'Leave our uteruses in peace': Fury as Macron offers free fertility tests as French birthrates slump

French President Emmanuel Macron has caused controversy with a series of new measures to tackle France's declining birth rate - including free fertility tests and better paternity leave - in what he described as "demographic rearmament".

France's birth rate is at its lowest since the Second World War, with just 678,000 babies born in 2023, according to census data by INSEE. That is a 7% decrease from 2022 and a 20% drop from a peak in 2020.

"France will only be stronger if it revives the birth rate," President Macron said during a prime-time TV press conference.

"A new, better paid parental leave will allow both parents to be with their children for six months if they want," he said.

French President Emmanuel Macron announces his top priorities for the year as he seeks to revitalise his presidency. Credit: AP

But it was the "major plan to combat infertility" that caused a flurry of responses on social media.

Free fertility check-ups for everybody aged 25 would be introduced, Aurore Bergé, the equality minister, said, while additional funding would be made available for assisted reproductive technology and more research into bodily chemicals that can hinder fertility.

But some critics say the new measures are not the best way to tackle the slumping birth rate.

"Leave our uteruses in peace," Anne-Cécile Mailfer, president of Fondation des Femmes, the Women's Foundation, posted on X, formerly known as Twitter, in response to the announcement.

The group advertises itself as the leading French foundation for gender equality and working to eliminate violence against women.

"A 46-year-old cisgender man with no children =comes to give us lessons on how we should use our uteruses," one feminist social media campaigner, who goes by the username jeneveuxpasdenfant - meaning "I don't want any children"- wrote on Instagram.

She, along with other critics, attributed an unwillingness to have children to the high cost of living.

This and climate change's impact on the planet, a societal system that leaves women bearing the majority of the burden when it comes to childcare and some people simply not wanting to have children, have been listed as reasons.

Promoting French values in the face of populism

The birth rate-related proposals came as part of a news conference by President Macron on January 17 in which he answered questions for more than two hours.

“I still have three years and a half in office,” he said, describing an ambition to change the daily life of the French while also tackling global crises.

He detailed how he would preserve France’s struggling health system and accelerate changes at schools.

French leftwing politician Jean-Luc Melenchon, leads a protest march against the high cost of living and climate inaction in 2022. Credit: AP

He advocated for uniforms in public schools, learning the national anthem at a young age and expanding a two-week training period in high schools to promote French values and encourage young people to give back to the community.

The French president promised to make France “stronger” in tackling global crises and also suggested that he would find ways to work with Donald Trump in the event that he wins another presidency.
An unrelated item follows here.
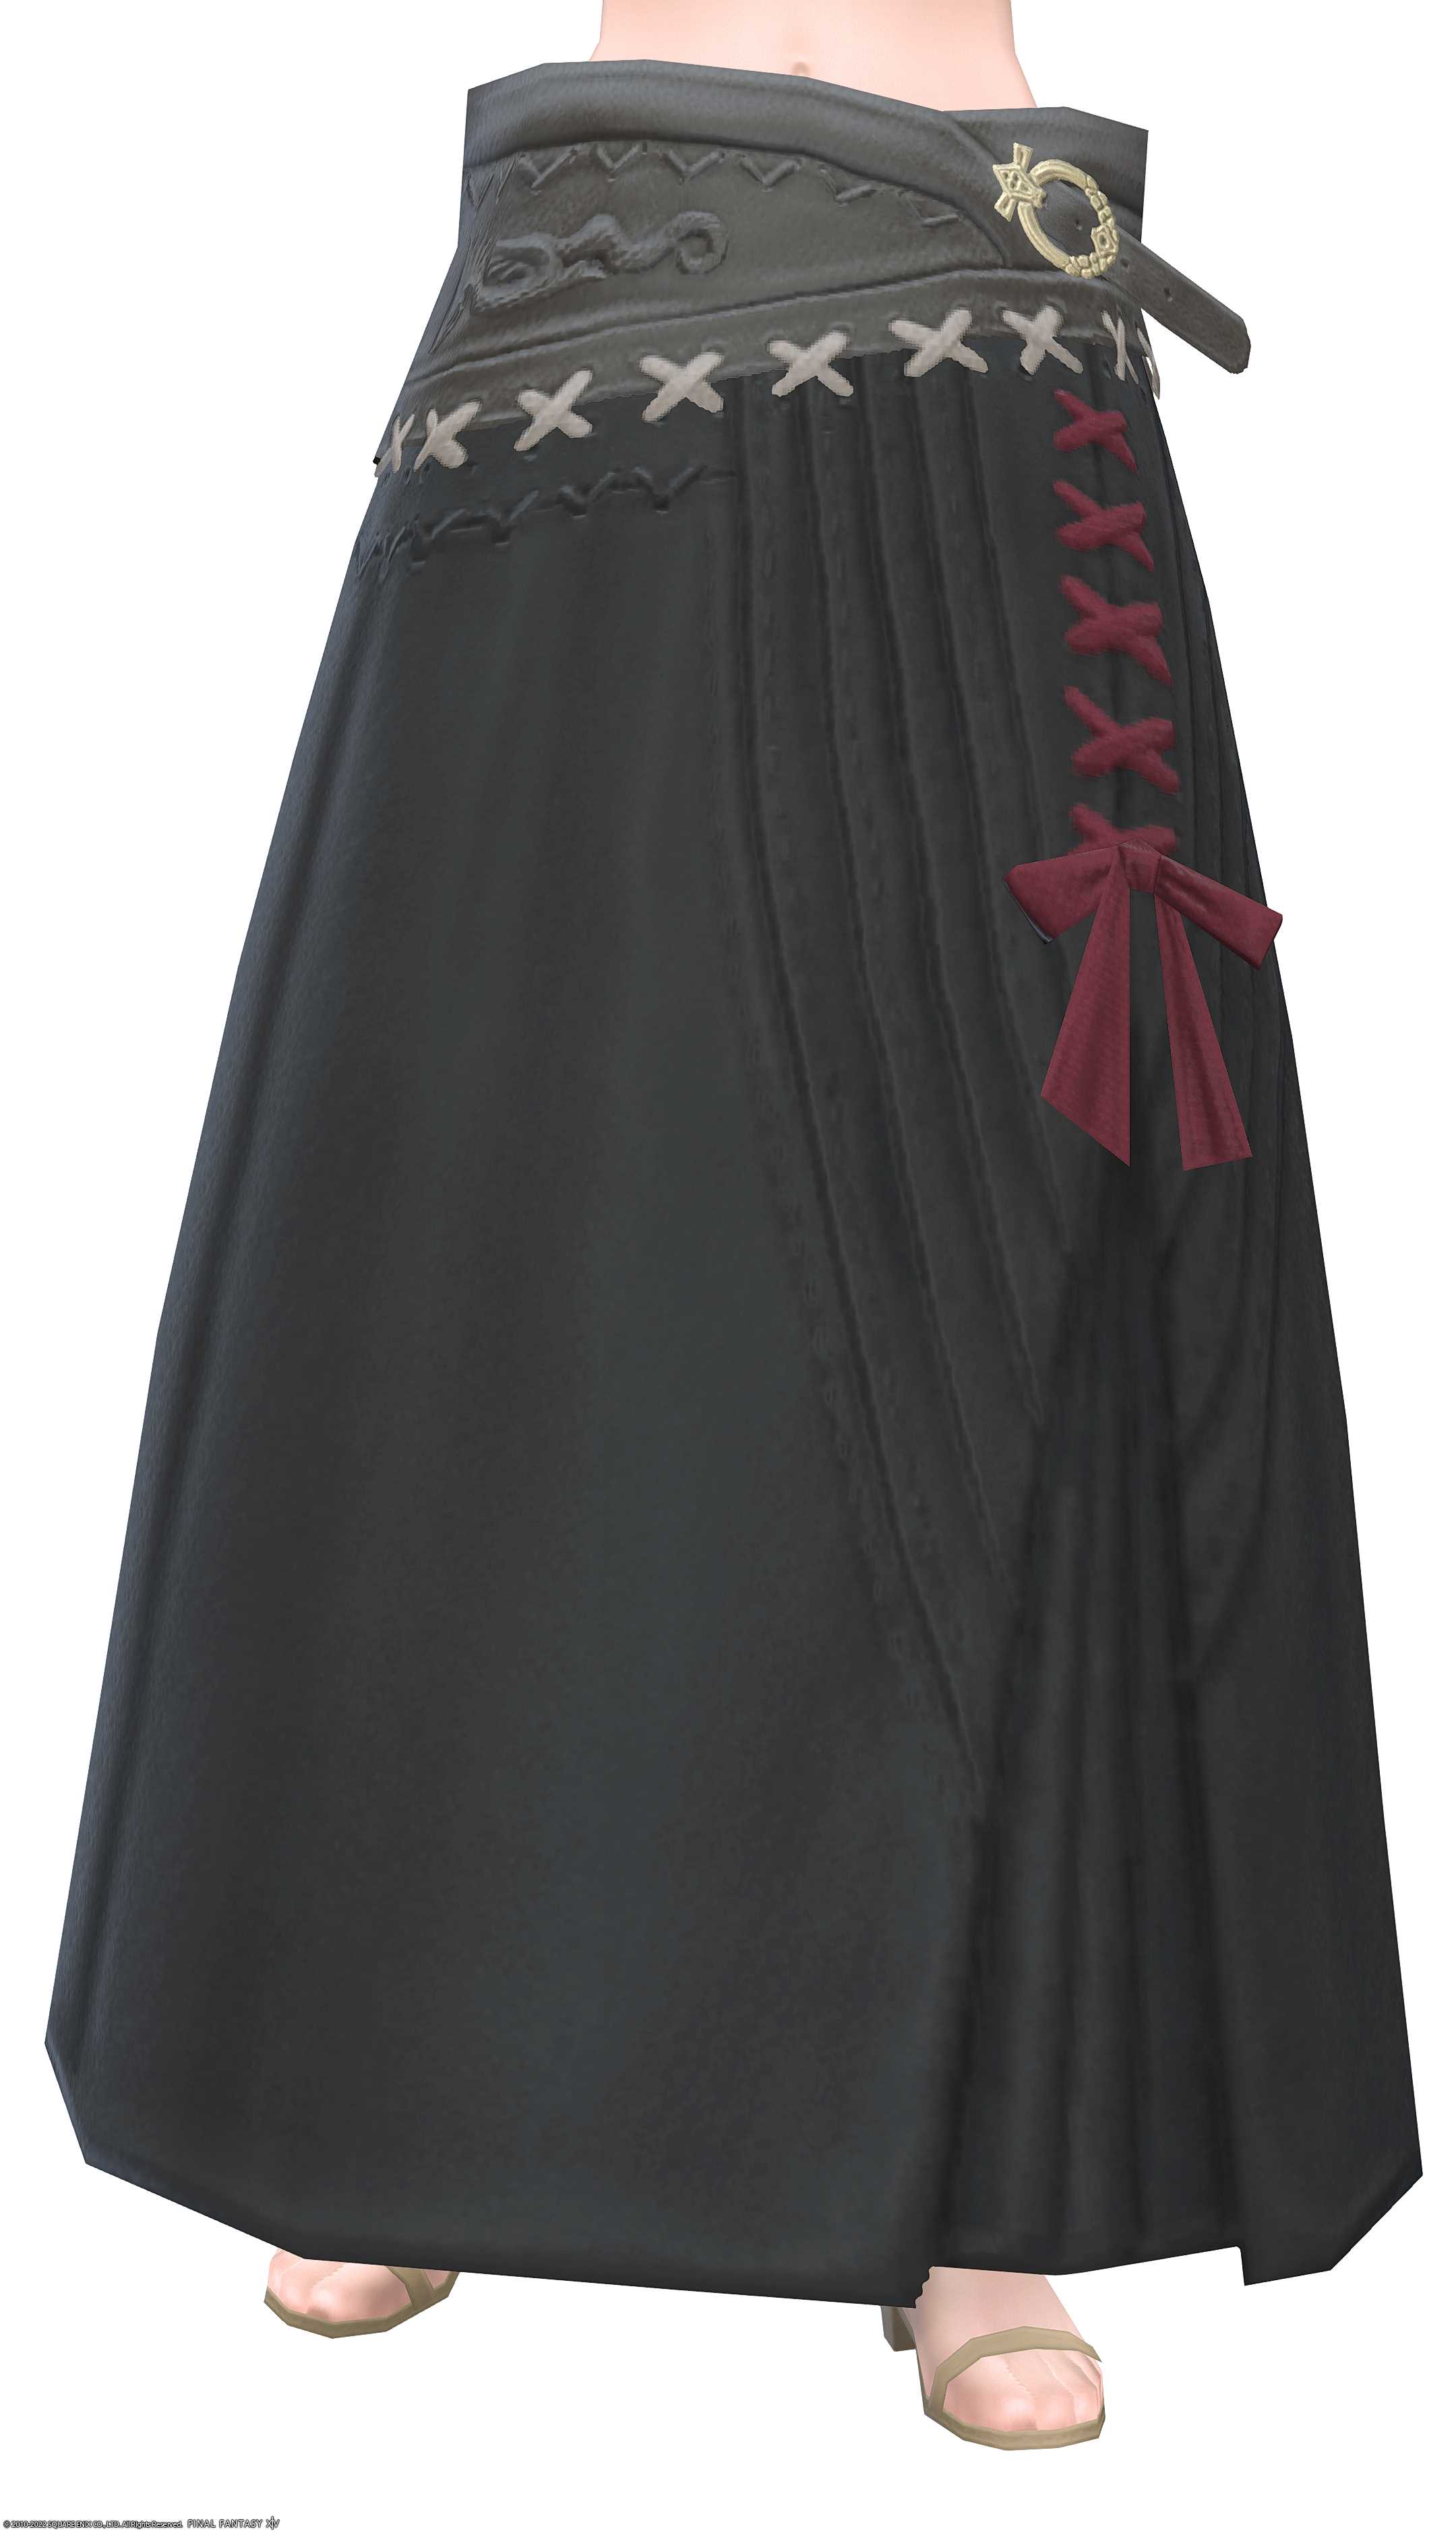 ドラヴァニアン・キャスターロングキルト | FF14ミラプリ - Dravanian Longkilt of Casting - スカート

Under growing pressure from an emboldened far-right ahead of June’s European Parliament elections, President Macron denounced the National Rally as “the party of the lies.” He warned about the “danger zone” as voters across Europe are increasingly choosing the far-right.

“Basically, the National Rally has become the party of easy anger,” he said. “Let’s not get used to it.”

“I realise that a lot of people were getting nervous about 2027,” Macron said. “But I also realise that ... a lot can happen in three and a half years.”